Timma Raja nevertheless made a lot of trouble and civil strife continued until his death in 1635. Initially he was winning, until the King Pedda Venkata (Venkata III)'s nephew, Sriranga III took to the field and defeated Timma Raja with help from the Dutch in Pulicat, compelling him to accept Venkata III's claim. Timma Raja was allowed some territories under his control, but stirred up trouble for a second time, only to be slain by the Nayak of Gingee in 1635.

Peace was finally restored and Pedda Venkata Raya or Venkata III returned to Vellore to take charge.

==Madras Land Grant==
On 22 August 1639, Francis Day of the East India Company obtained a small strip of Land in the Coromandel Coast from Pedda Venkata Raya in Chandragiri as a place to build a factory and warehouse for their trading activities.
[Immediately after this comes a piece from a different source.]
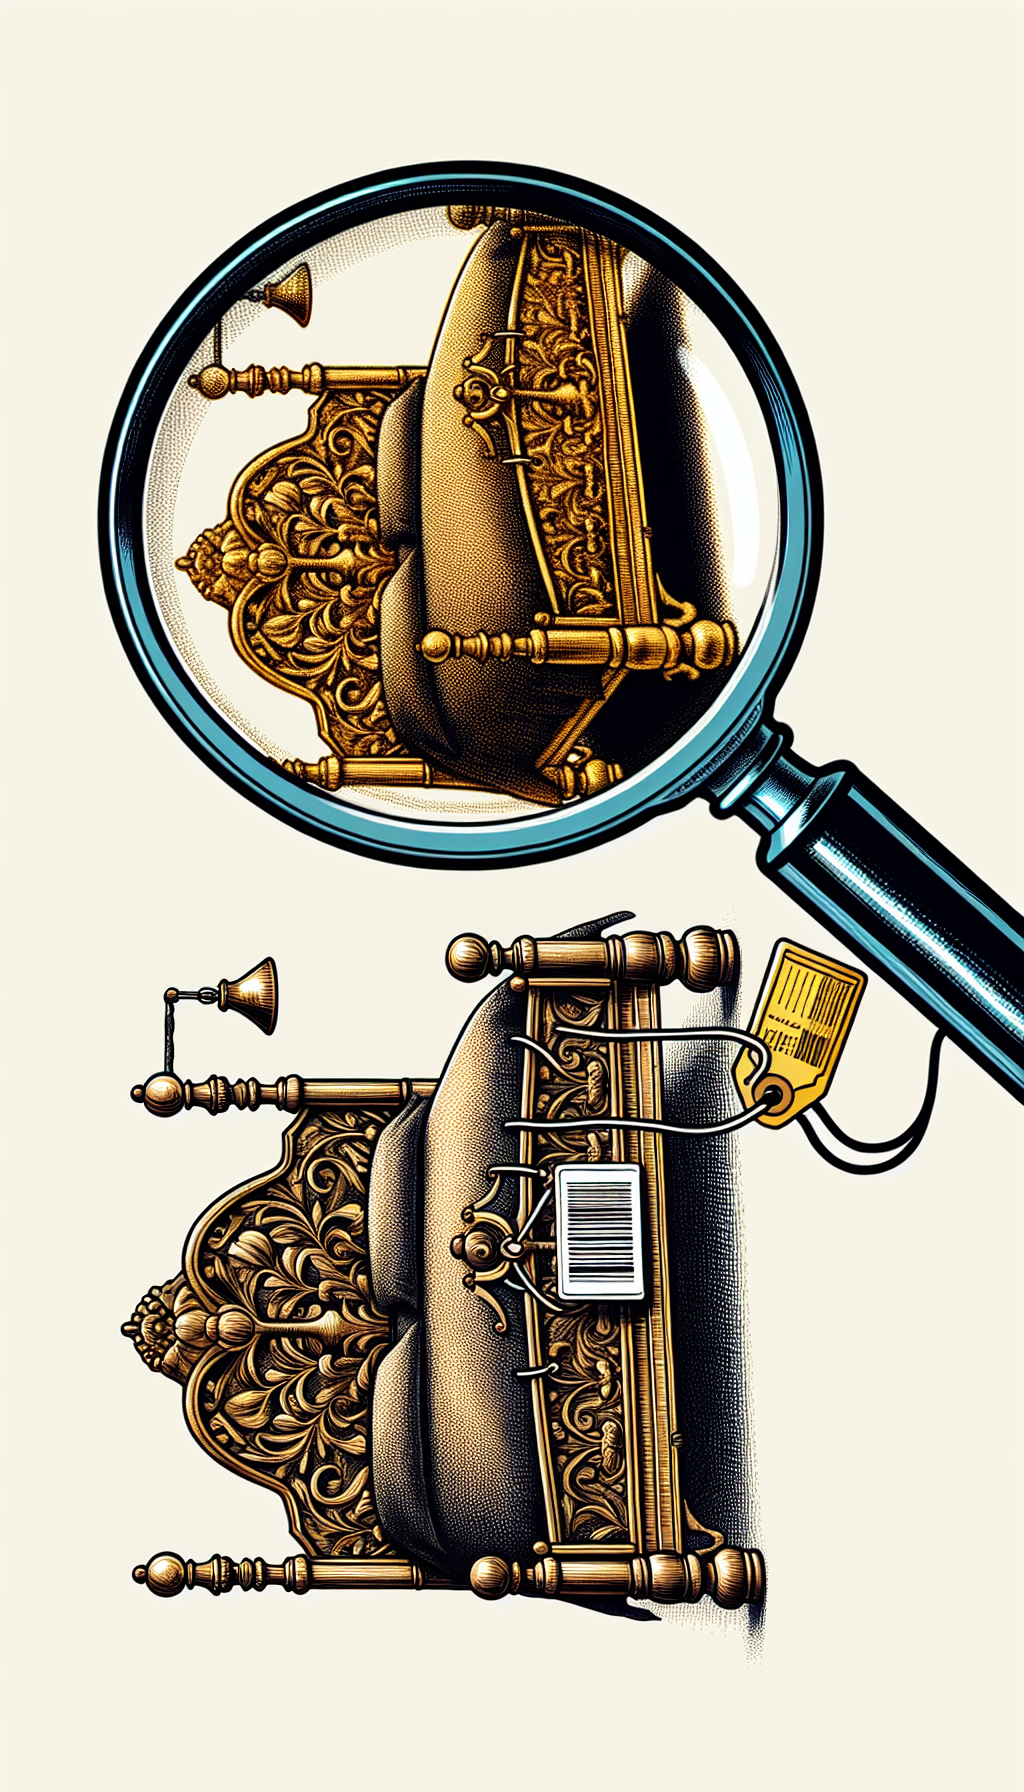 An illustrated magnifying glass hovers over a brass bed, dividing the image; on one side, the pristine, detailed filigree of an authentic antique bed shines, value tags hanging off the frame, while on the other, a dull, less intricate reproduction with a barcode sticker. The magnifying glass reveals hidden expert marks that distinguish genuine value from an imitation.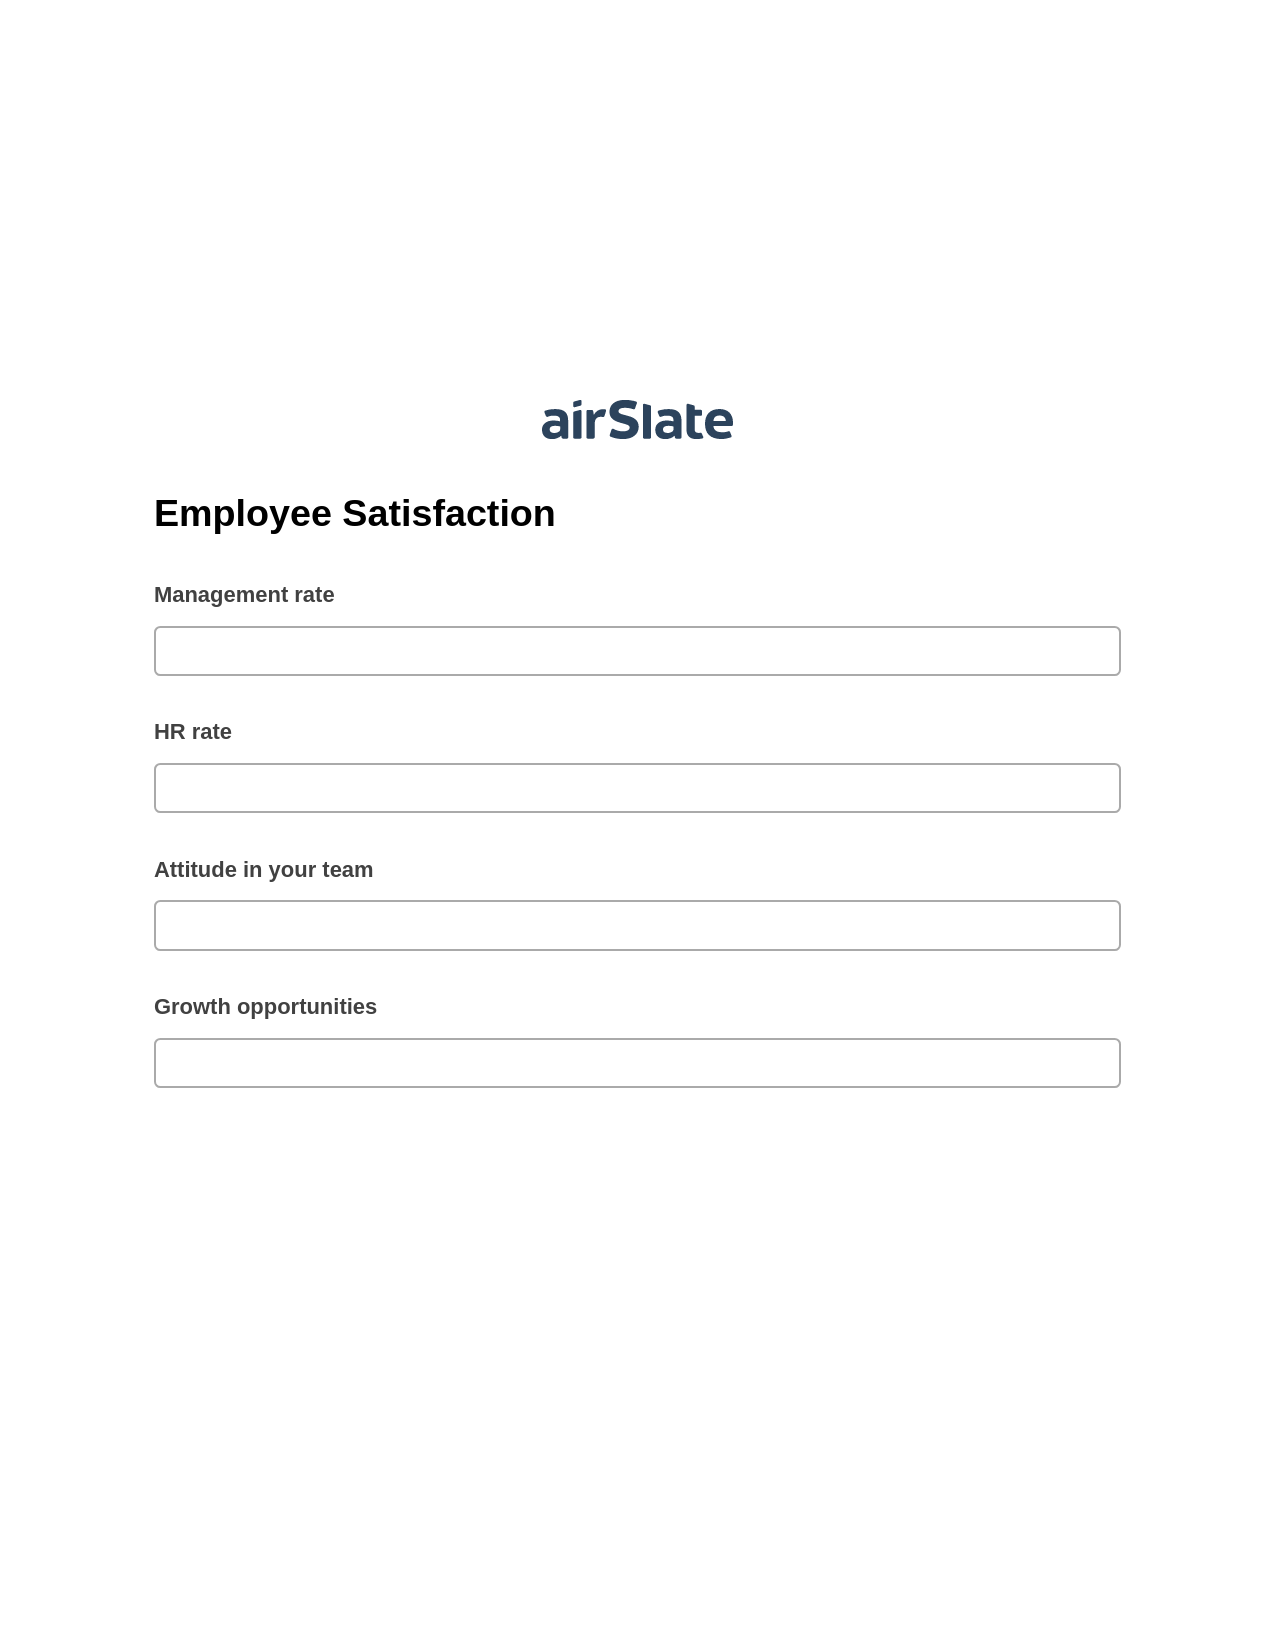 Employee Satisfaction Pre-fill from CSV File Bot, Slack Notification Bot, Post-finish Document Bot

The region was under the control of the Damerla Venkatadri Nayakudu, a Recherla Velama Nayak of Kalahasti and Vandavasi. Venkatadri Nayakudu was son of Damerla Chennappa Nayakudu. This is widely regarded at the founding event of the formation of the Chennai (Madras) Metropolis and is to the day celebrated as Madras Day.

==Trouble from Southern Nayaks==
In 1637 the Nayaks of Tanjore and Madurai, out of some complications attempted to seize Venkata III and attacked Vellore but were defeated and peace was established.

==Sriranga III's rebellion==
The King's loyal nephew, Sriranga III, for some reason turned against the King in 1638 and engineered an invasion from Bijapur. The Bijapur – Sriranga III combine initially attacked Bangalore making the King Venkata III buy peace after an expensive deal. In 1641, the same combine launched another attack and were just 12 mi from Vellore Fort, but their camp was attacked with backing by Southern Nayaka famous general Ramaiyan.

==War with Golkonda and death==
In 1642, the Qutb Shahi dynasty of Golconda watching the disorder, sent a huge force along the East Coast. The Golkonda army, after facing a stiff resistance near Madras by Venkata III's army backed by Damerla Venkatadri Nayak of Kalahasti and the Gingee Nayak, marched towards the Vellore Fort. But Venkata III, now badly under threat from all sides retreated to the jungles of Chittoor and died on 10 October 1642.

Venkata III had no son and was immediately succeeded by his treacherous nephew Sriranga III, who came to Vellore Fort after deserting the Bijapur camp.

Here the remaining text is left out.